Alternative 1: Separate config files per concern

Section titled “Alternative 1: Separate config files per concern”

Split into astrocyte.yml (core), sources.yml (ingestion), agents.yml (identity). Each file loaded independently.

  • Pro: Clean separation, smaller files, each concern independently versionable.
  • Con: Config composition becomes complex (cross-file references between sources and banks, agents and access grants). Users must manage multiple files. Existing AstrocyteConfig.from_config() API would need signature change. Violates backwards compatibility constraint.
  • Rejected because: The composition overhead exceeds the organizational benefit. A single astrocyte.yml with optional sections is simpler and preserves the current loading API.

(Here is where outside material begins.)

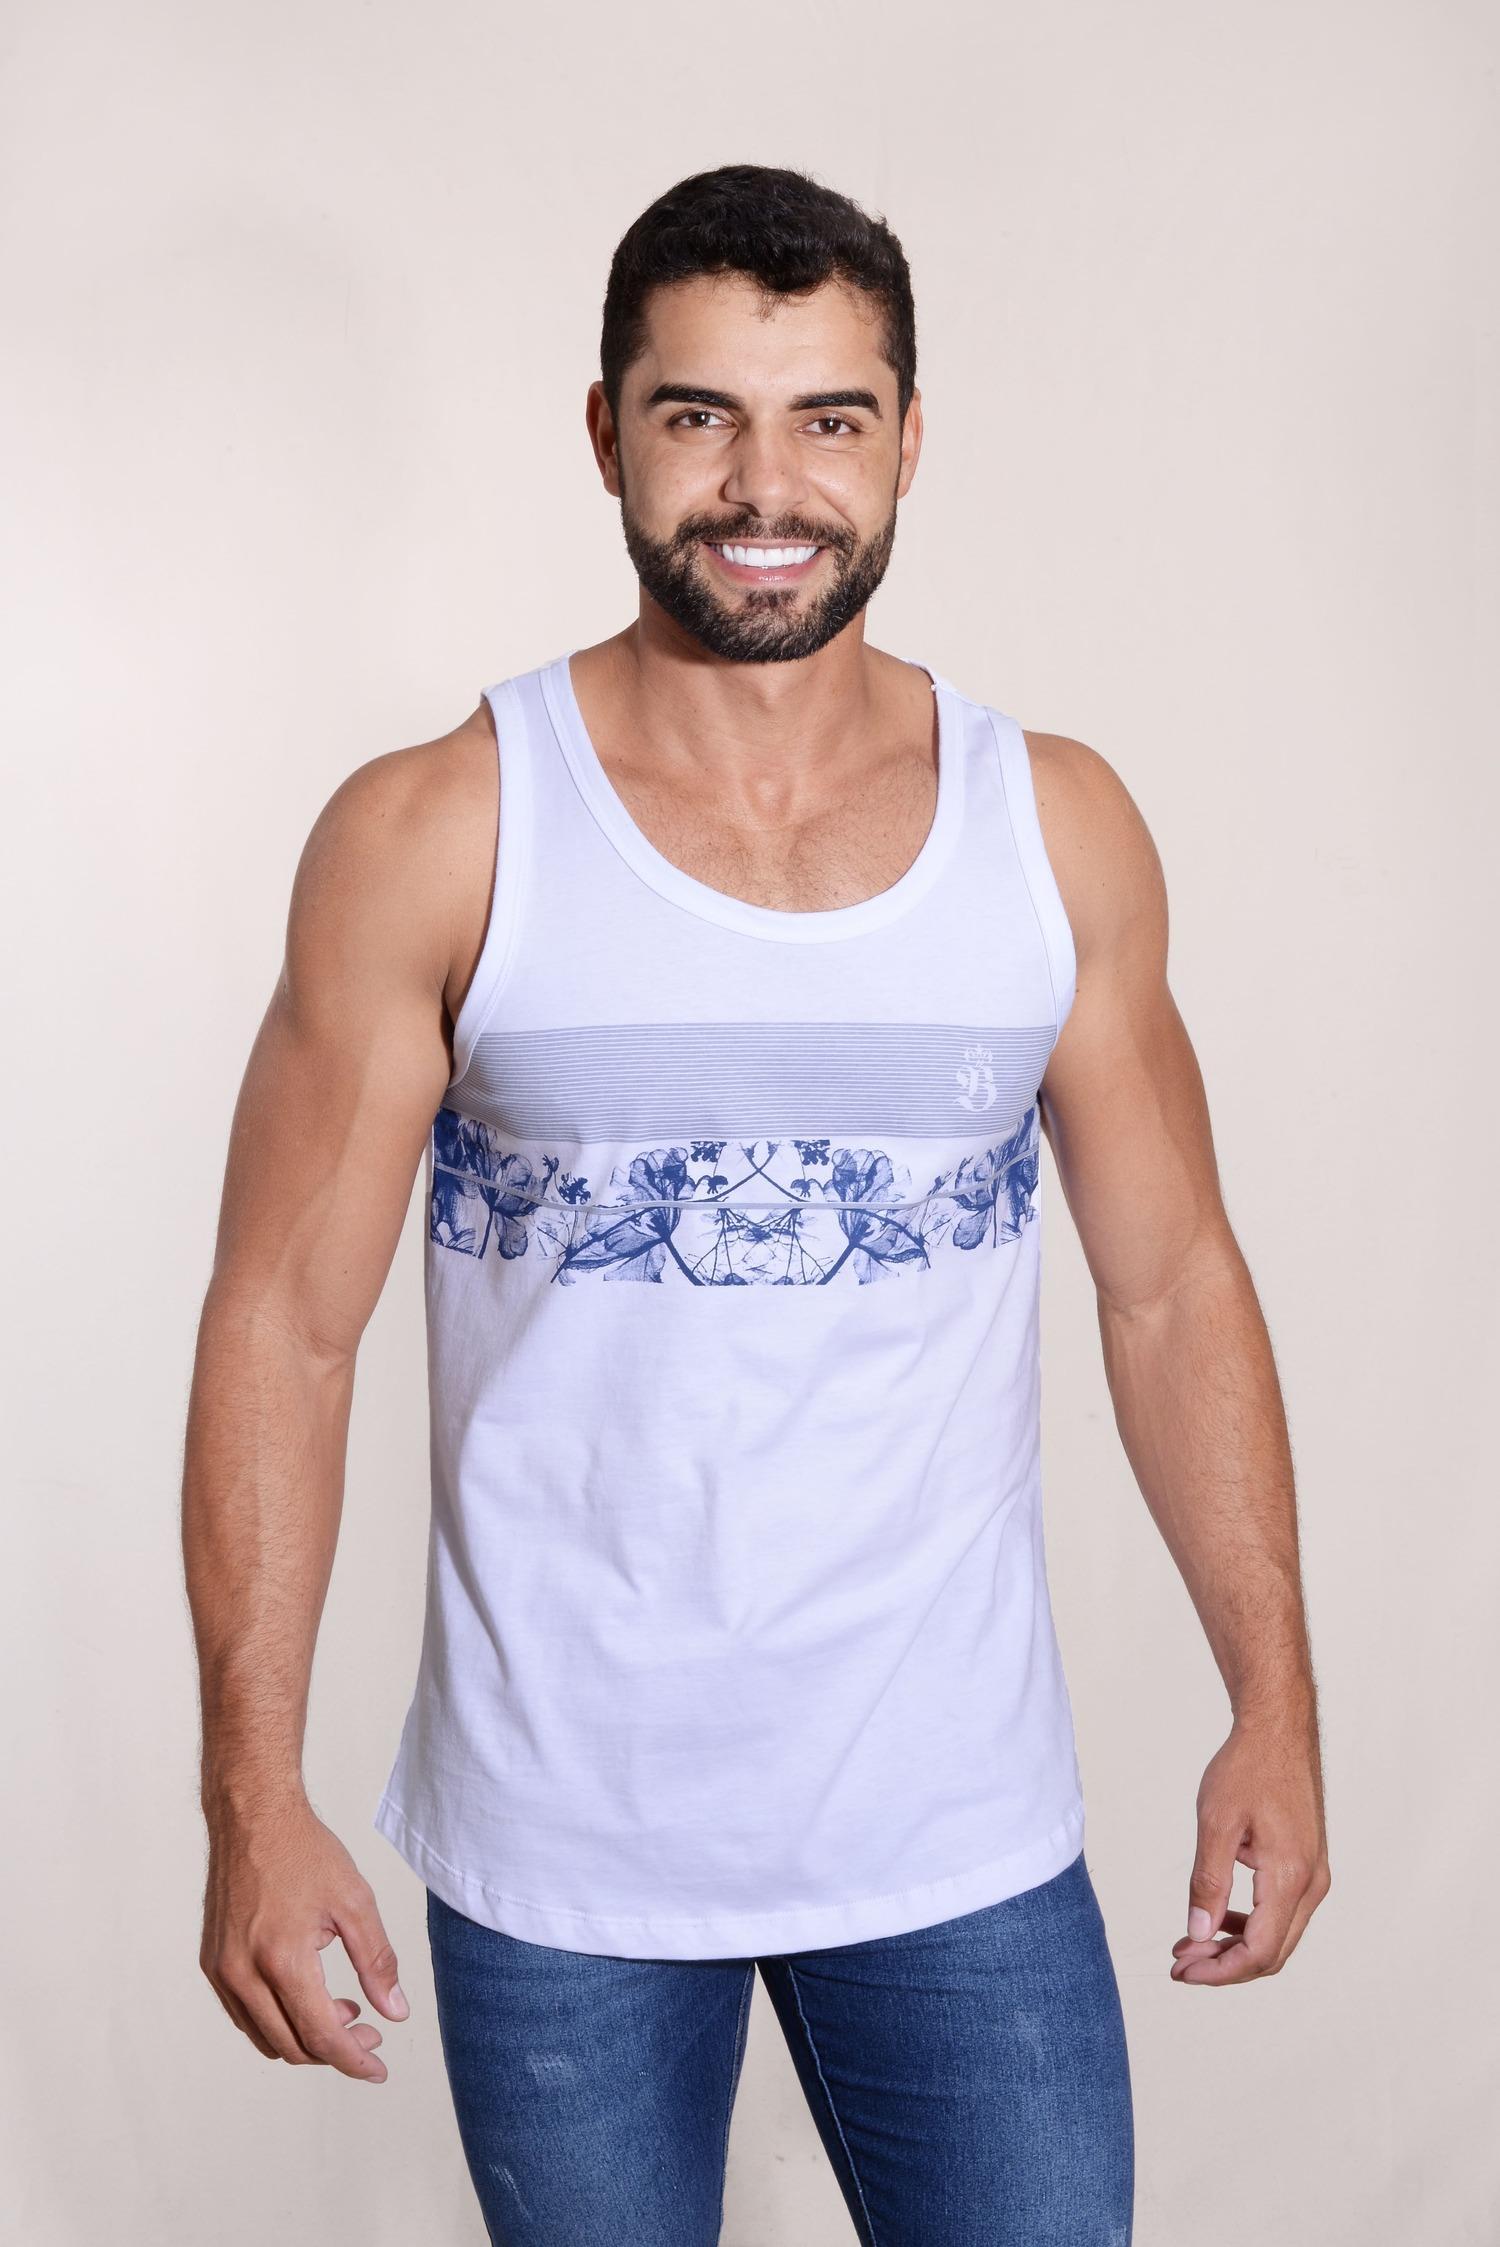 Camiseta Regata Floral Malha 100% Algodão Silk Frontal Burguês

Alternative 2: Programmatic registration only

Section titled “Alternative 2: Programmatic registration only”

No YAML for sources/agents. Users register via Python API: brain.register_source(...), brain.register_agent(...).

  • Pro: Type-safe at registration time, no YAML parsing ambiguity, IDE autocomplete.
  • Con: Not declarative — cannot be version-controlled as config. Breaks “config-as-code” principle. Cannot be used with standalone gateway (no Python code to call). Requires code changes to modify sources/agents.
  • Rejected because: Declarative config is a core principle. Programmatic registration may be offered as a supplementary API but cannot be the primary mechanism.

Alternative 3: Extend existing sections instead of adding new ones

Section titled “Alternative 3: Extend existing sections instead of adding new ones”

Put source definitions under banks.*.sources, agent settings under access_grants, deployment under a server key in the root.

  • Pro: Fewer top-level sections, conceptually linked to existing structures.
  • Con: Sources are not a property of banks (a source can target multiple banks via MIP routing). Agent settings are more than access grants (they include rate limits, bank mappings). Overloading existing sections creates confusing semantics.
  • Rejected because: Sources, agents, and deployment are orthogonal configuration domains that deserve their own top-level sections.
  • Backwards compatible — existing configs work unchanged (all new sections default to None)
  • Single file remains the config source of truth
  • Declarative, version-controllable configuration for all v1.0.0 features
  • Extraction profiles compose with MIP routing (profiles define extraction, MIP defines routing targets)
  • Agent registration auto-generates access grants, reducing config duplication
  • AstrocyteConfig dataclass grows from ~20 fields to ~25 fields. Mitigated by grouping into sub-dataclasses (SourcesConfig, AgentsConfig, DeploymentConfig, IdentityConfig).
  • YAML validation surface increases. Mitigated by adding JSON Schema generation from dataclass definitions for editor support.
  • Source auth secrets via env var indirection (_env suffix) is a convention that must be documented clearly. Users unfamiliar with the pattern may hardcode secrets in YAML.
  • No migration needed. Existing configs are valid. New sections are additive.
  • Users upgrading to v1.0.0 can add sections incrementally as they adopt new features.